The way Snowflake (and by proxy, Flakeless) works is by combining the following values:
The time difference between the current time and the starting epoch in milliseconds. This accounts for the most significant 41 bits.
A number signifying the computer generating the ID. This is the middle 10 bits, and is entirely arbitrary and is assigned by the user.
A counter denoting how many other IDs have been generated in this millisecond. This accounts for the least significant 12 bits.
Installing
Before you install Flakeless, you first need to make sure that node-gyp
is installed. Because Flakeless is written primarily in C++, it first needs to be compiled.
npm install -g node-gyp
Once node-gyp
is installed, install Flakeless.
npm install ms-flakeless
Usage
Initialization:
const Flakeless = require('ms-flakeless');
const flakeless = new Flakeless({
epochStart: Date.now(),
outputType: 'base64',
workerID: 71
});
epochStart
is a number representing the start of the time period in milliseconds used to generate IDs. IDs will potentially begin repeating approximately 69 years after this date. This defaults to the beginning of the Unix epoch.
outputType
is a string representing which alphabet to use when returning the ID. The options are base10
(using characters 0-9), base16
(using characters 0-9 and A-F), and base64
(using characters -, 0-9, A-Z, _, and a-z). Regardless of which format is specified, the output will always be a string. This defaults to base64
.
workerID
is an arbitrary identifier signifying the computer generating the IDs. This allows multiple computers to generate IDs without every needing to communicate state.

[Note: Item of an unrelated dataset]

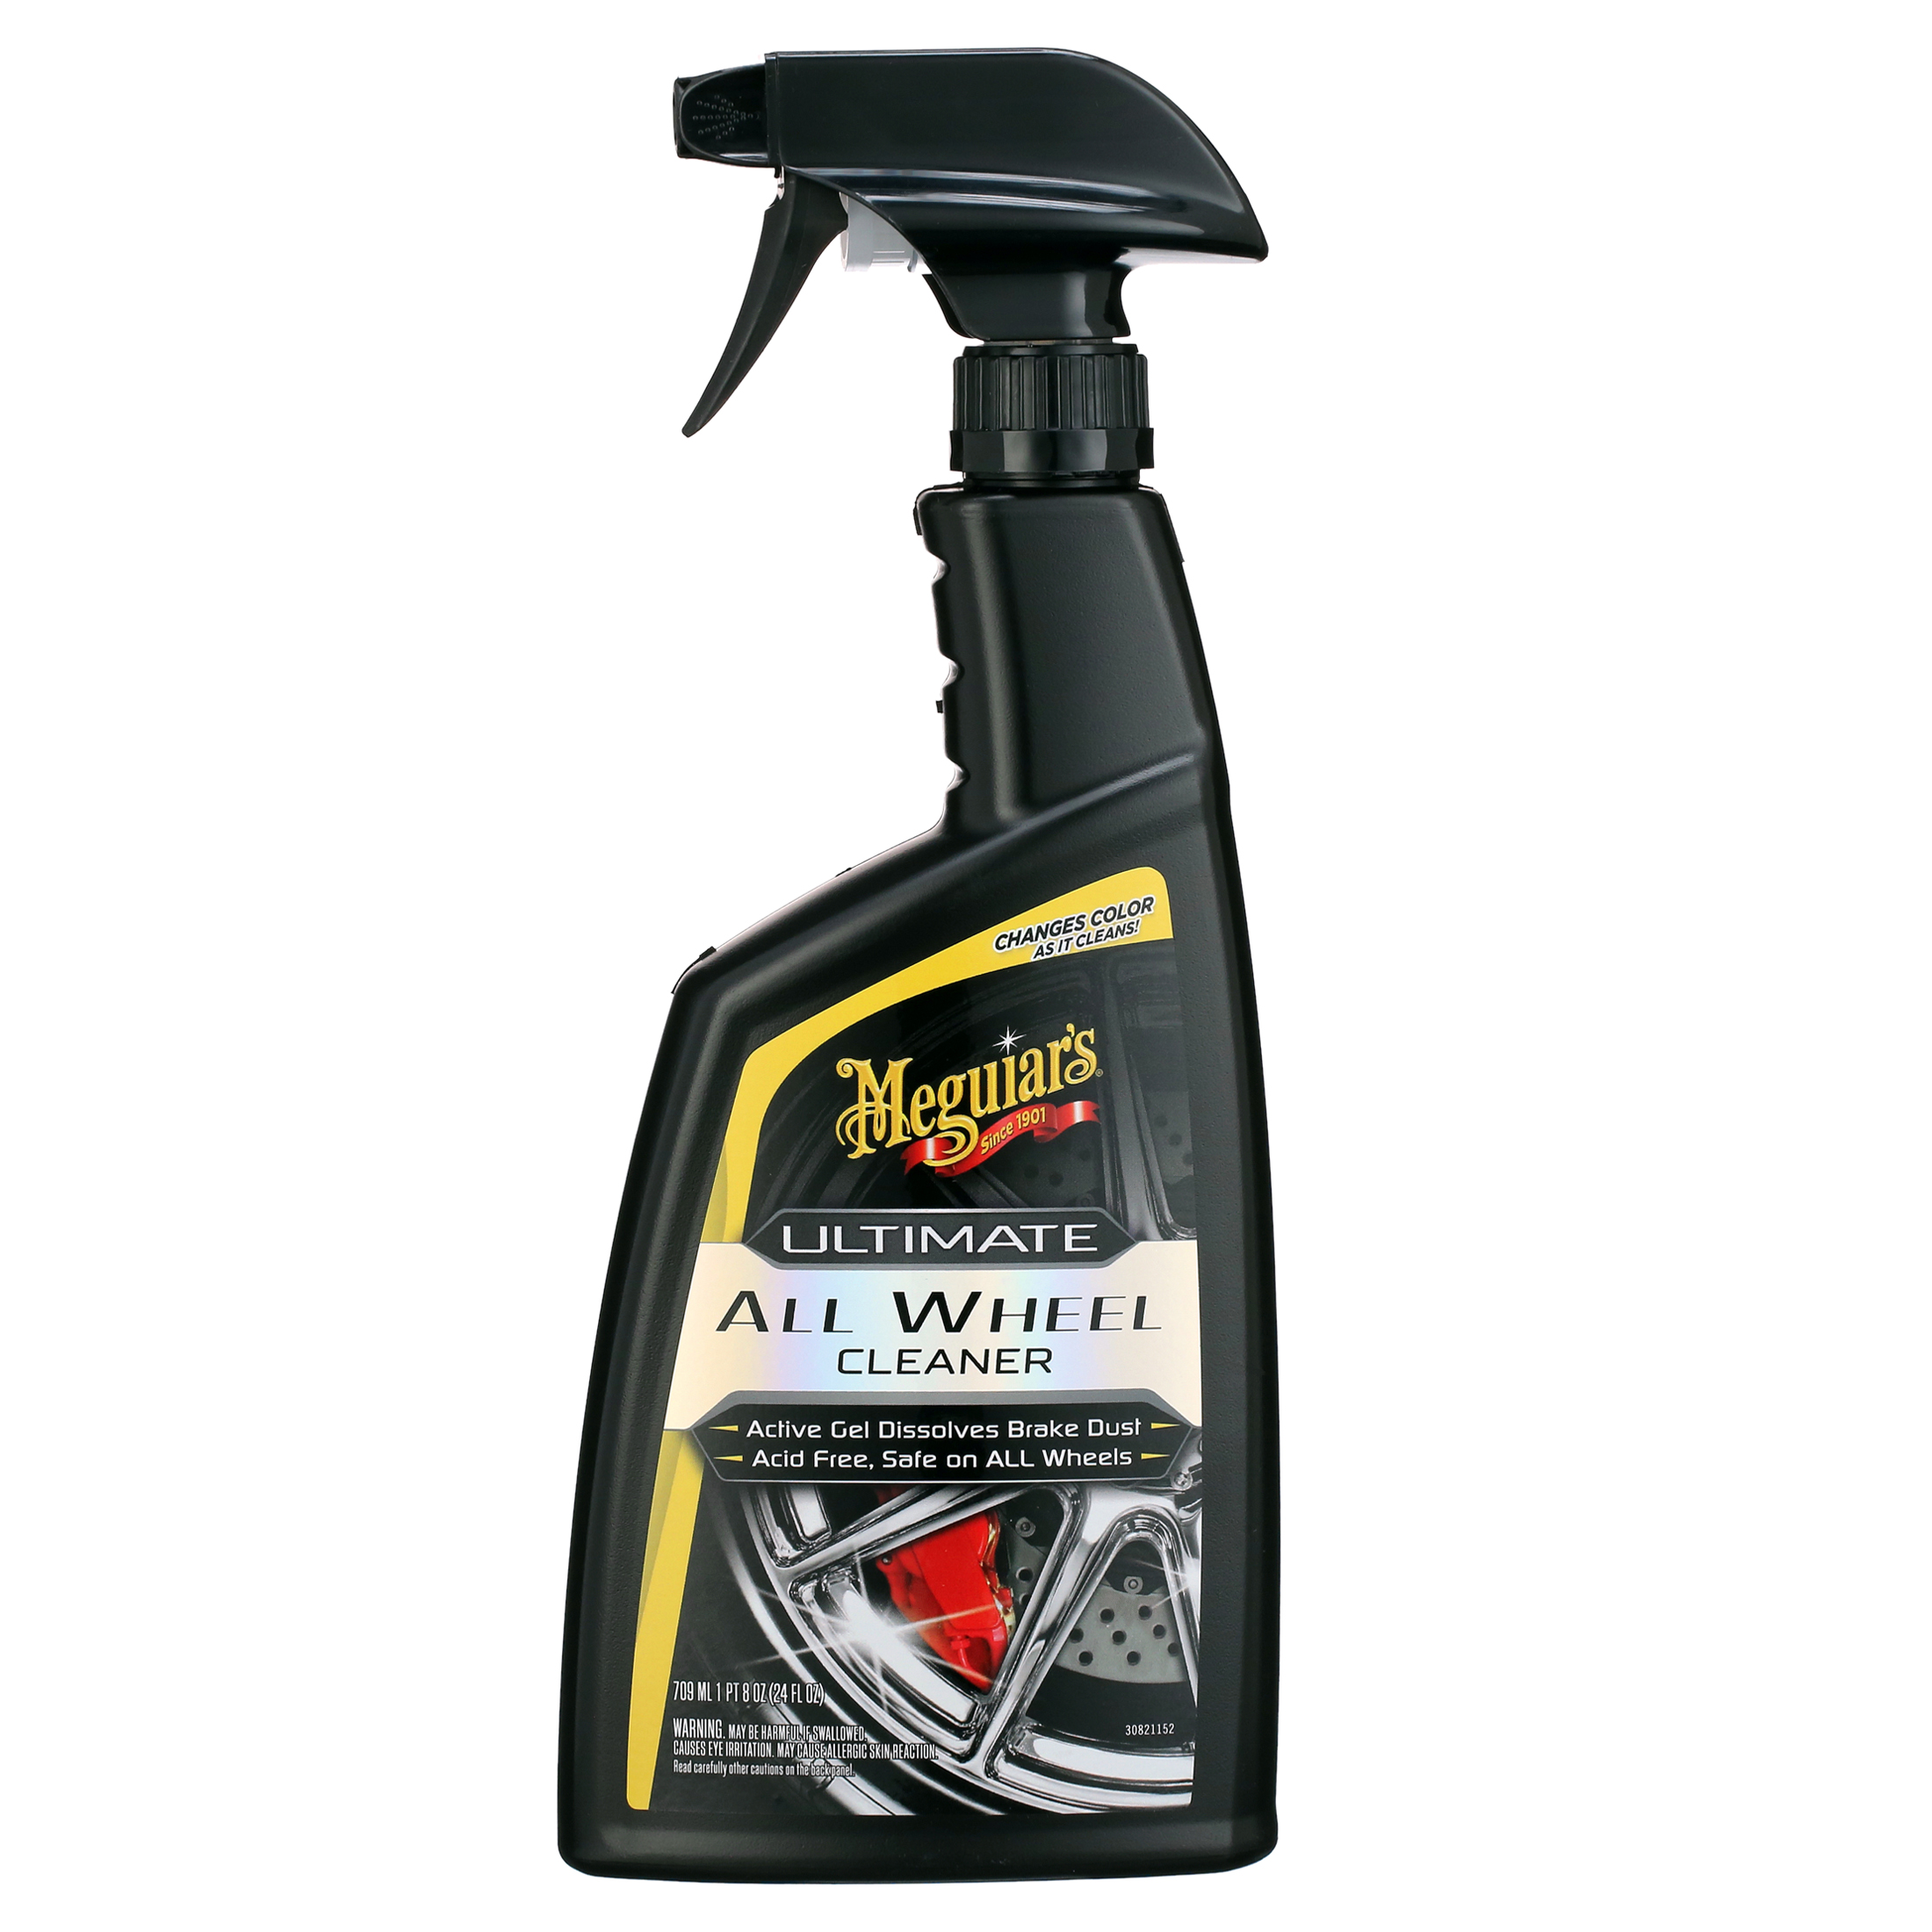 Meguiar's Ultimate All Wheel Cleaner, G180124, 24 oz, Spray - image 1 of 10

The range for this is from 0 to 1023, and it defaults to 0 if not provided.
Generating an ID:
let id = flakeless.next();
Flakeless#next
takes no arguments, and returns a string containing the next unique ID. Strings were used because Flakeless generates 63-bit IDs, and Javascript only supports up to 52-bit integers before precision declines.
Using the built-in Client and Server:
const Flakeless = require('flakeless').Flakeless;
const Client = require('flakeless').Client;
const Server = require('flakeless').Server;
const flakeless = new Flakeless;
const server = new Server(6000, function() {
server.addGenerator('/a', flakeless);
});
const client = new Client('http://localhost:6000/a')

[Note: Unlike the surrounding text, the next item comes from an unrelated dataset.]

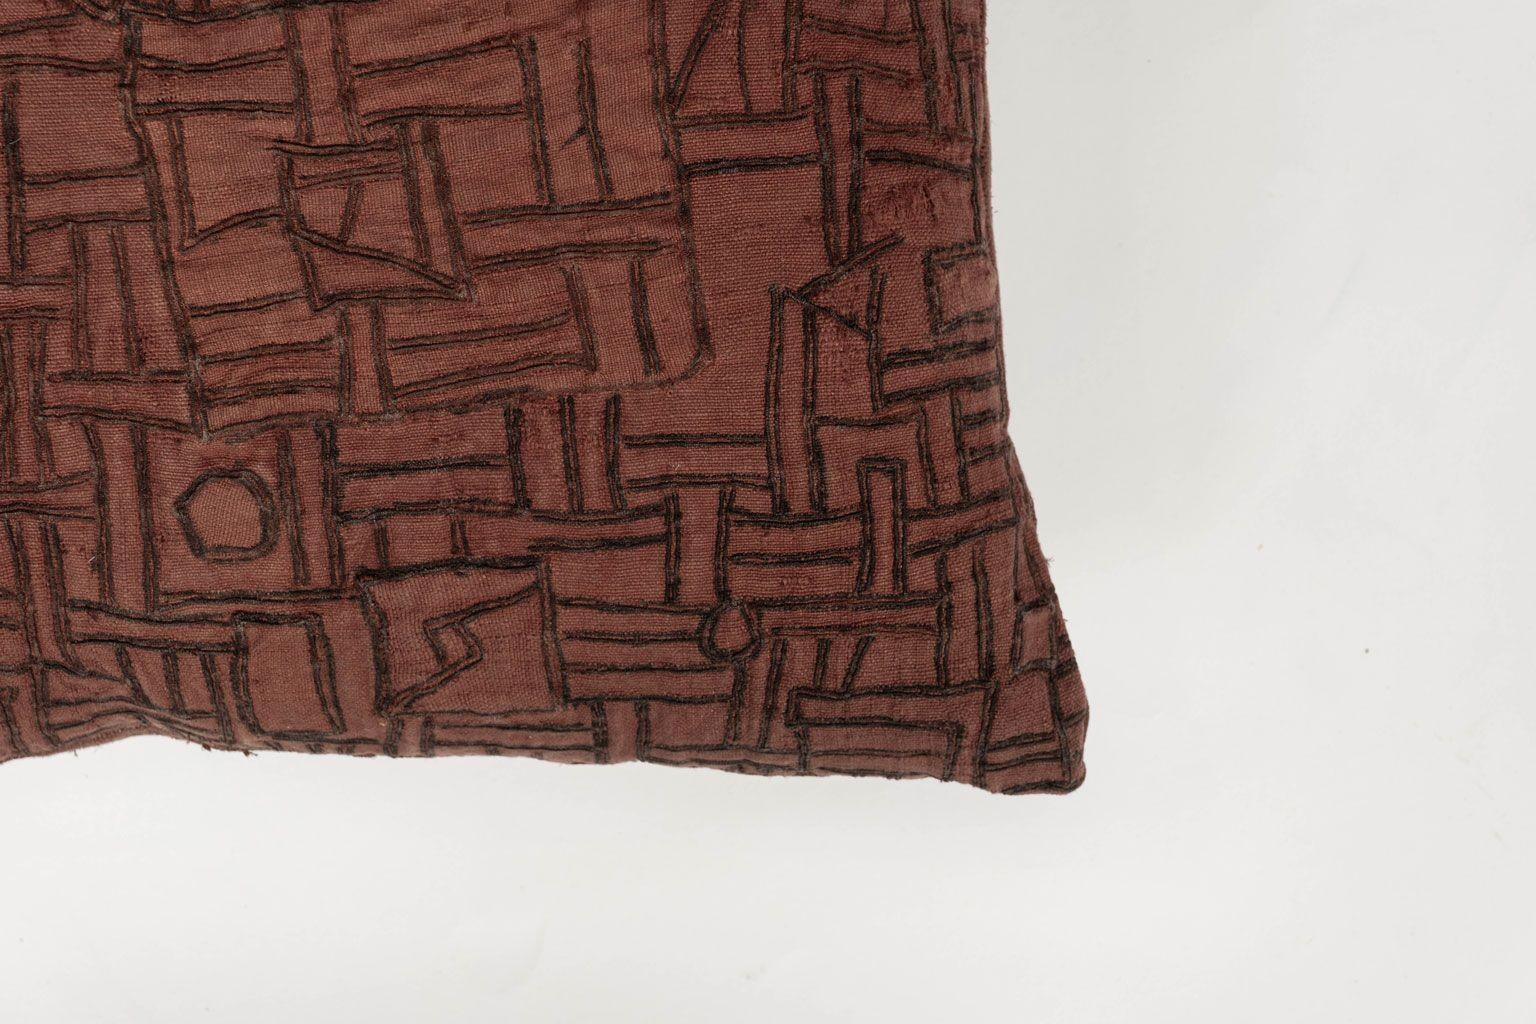 Wonderful large faded plum-color embroidered cushion made from an antique handwoven and hand-dyed cotton tribal textile (circa 1930-1954). Hand-sewn into gorgeous large square decorative pillow that includes a zip fastener and feather insert. Two

client.next().then(function(ids) {
// use the IDs here
});
Performance
Preliminary benchmarks yield the following results:
| Flakeless | Flakeless JS | node-snowflake
| Date.now()
|
|------------------|------------------|------------------|------------------|
| 0.000099 ms/call | 0.003470 ms/call | 0.003870 ms/call | 0.000069 ms/call |
| 10101 calls/ms | 288 calls/ms | 258 calls/ms | 14492 calls/ms |
* All tests done by measuring the average time per call over 10,000,000 calls while outputting to base64, except for node-snowflake
which only outputs decimal values and Date.now()
which was used as a reference.
Roadmap
- Soon Flakeless will support providing custom times to
Flakeless#next
instead of using the current system clock in milliseconds. - Eventually, Flakeless will support custom output formats that deviate from the provided 41-10-12 format, and will allow for the utilization of MAC addresses.
Contributing
If you think you can add useful features to Flakeless or can make it faster, please contribute! Most of the work here was done in a handful of days while learning how to use V8 and NAN, so there's definitely a lot of room for improvement.